В этот миг раздались оглушительные громовые раскаты и в небе блеснула молния. Остроконечный шпиль собора высветился на фоне багровых туч, словно занесенный над бедной Тиллимовой головой смертоносный клинок. Перепуганного бегуна, который набрал уже значительную скорость, занесло на повороте, и он плюхнулся в грязь.

Неизвестно, сколько времени ему пришлось пролежать под дождем и полувменяемом шоковом состоянии… Вне себя от ярости, измученный сознанием утраты денег, автомобиля и дамы сердца, а пуще всего экстрасенсорных способностей, он стонал, хрипел и бил кулаком в лужу, но, как ни был дерзок вызов Папалексиева актрисе-благодетельнице, ничто вокруг не изменилось, никаких жутких мировых катаклизмов не произошло, только по окончании грозы рассеялись облака, на небе вновь заблистало солнце да в кронах старых деревьев зазвучал птичий хор.

Придя в равновесие, Папалексиев встал из лужи, отряхнулся и, пошатываясь, направился через мост к проезжей части. На его взгляд, бабка Авдотья ничем не выдала своего присутствия, не обратила должного внимания на гневный вызов Тиллима. Разочарованный и приниженный, он испытывал приступ тихой мизантропии. Порывшись в карманах, Тиллим обнаружил, что у него еще остались деньги, которых было вполне достаточно, чтобы заплатить за обед на две персоны в приличном ресторане. «Значит, я еще могу выручить из беды мою Авдотью с этой — как ее? — Анжеликой! — обрадовался он. — А вещи… Ну что ж, скажу Авдотье, что магазин уже закрылся. Завтра-то что-нибудь обязательно придумаю, как-нибудь заработаю денежки».

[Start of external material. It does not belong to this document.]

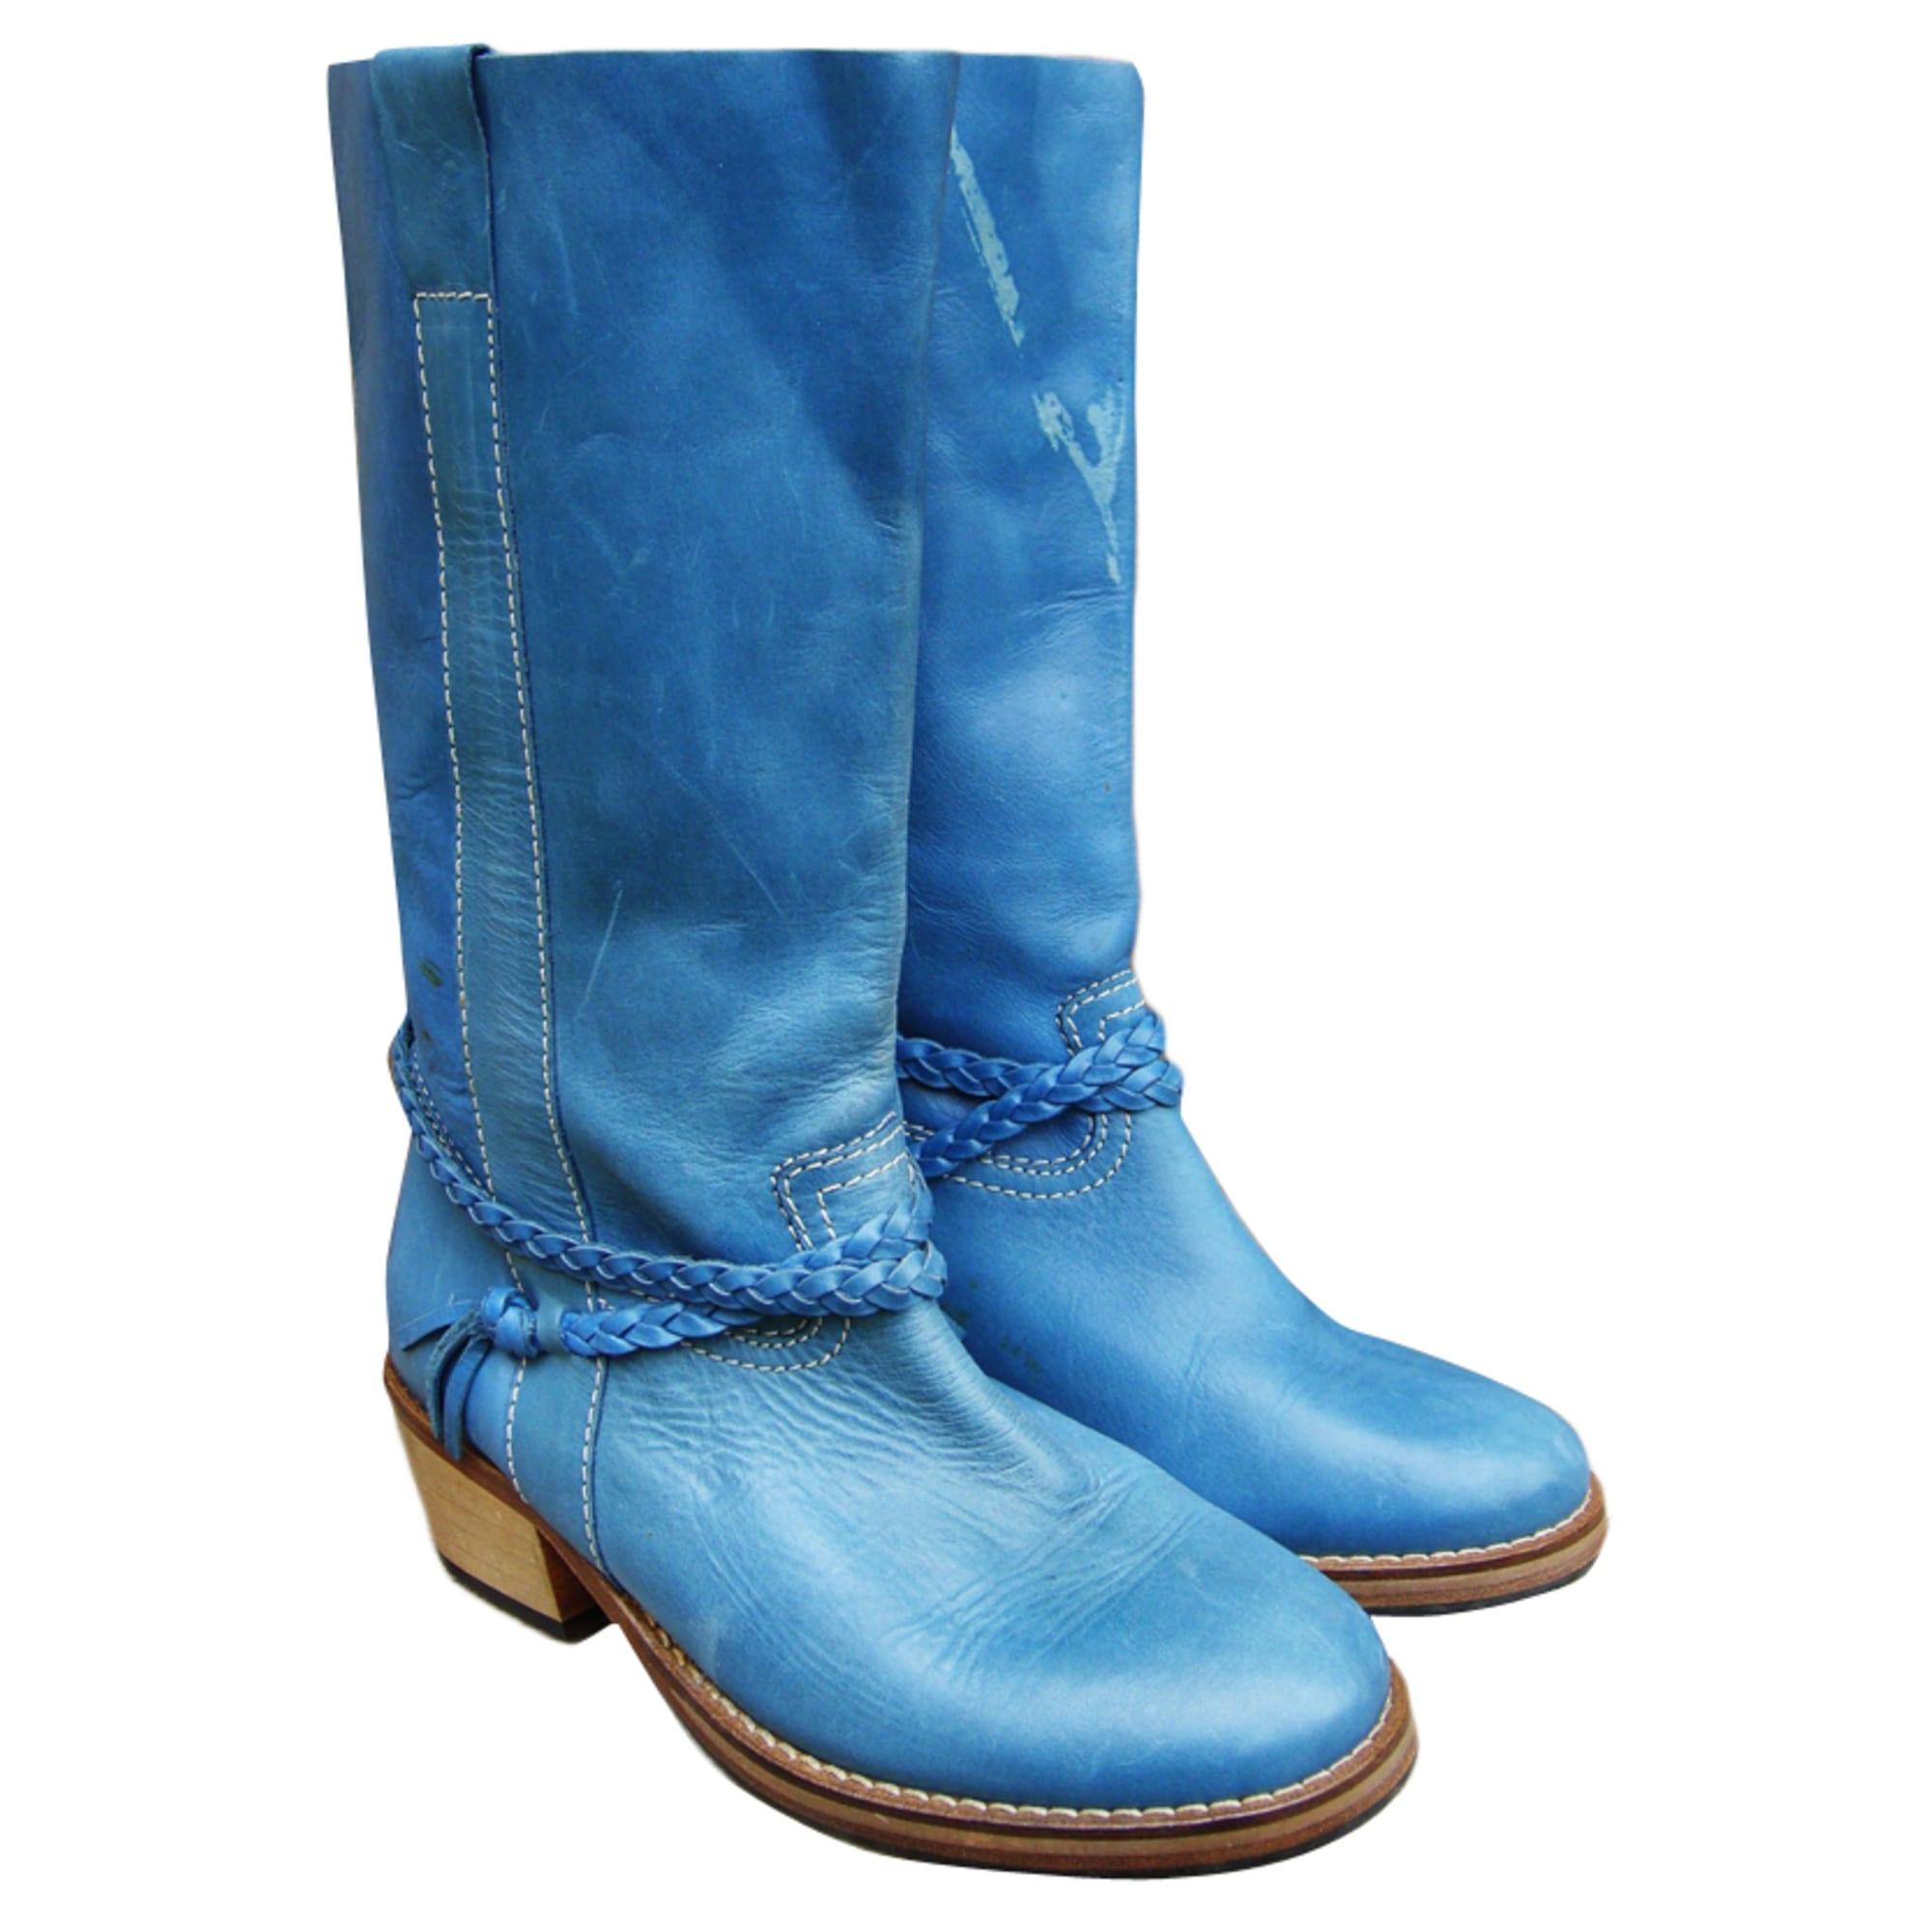 Bottes plates SESSUN Bleu, bleu marine, bleu turquoise

Выйдя на дорогу как был — мокрый, в испачканном костюме, с распухшим ухом и помятой физиономией, — Папалексиев тщетно пытался поймать машину. Хорошо, что торговцы сувенирами и уличные художники, стоящие, как всегда, возле Иоанновского моста, не узнали в грязном субъекте с взъерошенными волосами важного господина, профланировавшего утром мимо их лотков в сопровождении эскорта смуглолицых телохранителей, иначе не избежать бы Тиллиму очередного конфуза. Убедившись, что такси ему не поймать, Тиллим поплелся к Троицкому мосту с намерением дойти до ресторана «Невский» пешком.

Добравшись с горем пополам до вожделенного объекта, он был остановлен в дверях вышибалами. Облик Папалексиева не соответствовал международному стандарту посетителя заведения с хорошей репутацией, поэтому в его адрес последовало предостерегающее:

— Бомжей здесь не обслуживают. Ступай-ка, парень, подобру-поздорову! Не напрашивайся на комплименты.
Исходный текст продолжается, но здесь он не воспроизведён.